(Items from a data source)
========================================

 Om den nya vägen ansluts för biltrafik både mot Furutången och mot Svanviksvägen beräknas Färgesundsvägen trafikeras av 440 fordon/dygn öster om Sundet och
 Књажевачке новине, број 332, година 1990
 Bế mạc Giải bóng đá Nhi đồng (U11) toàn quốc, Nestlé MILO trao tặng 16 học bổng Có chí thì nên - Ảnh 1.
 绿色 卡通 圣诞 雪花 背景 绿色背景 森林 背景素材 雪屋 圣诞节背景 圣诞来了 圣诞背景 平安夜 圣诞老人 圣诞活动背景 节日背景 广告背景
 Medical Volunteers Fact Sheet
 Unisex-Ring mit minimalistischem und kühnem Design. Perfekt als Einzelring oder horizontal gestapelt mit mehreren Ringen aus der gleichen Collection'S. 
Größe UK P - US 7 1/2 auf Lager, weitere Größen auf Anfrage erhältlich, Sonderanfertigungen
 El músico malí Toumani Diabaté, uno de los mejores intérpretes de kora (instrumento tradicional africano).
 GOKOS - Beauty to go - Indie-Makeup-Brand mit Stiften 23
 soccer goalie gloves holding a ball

========================================

◆ **What you need to do**: Nothing but the exact lines of the data above, from the line containing "El músico malí" through the last, should appear in the answer.

◆ **Answer section**:
 El músico malí Toumani Diabaté, uno de los mejores intérpretes de kora (instrumento tradicional africano).
 GOKOS - Beauty to go - Indie-Makeup-Brand mit Stiften 23
 soccer goalie gloves holding a ball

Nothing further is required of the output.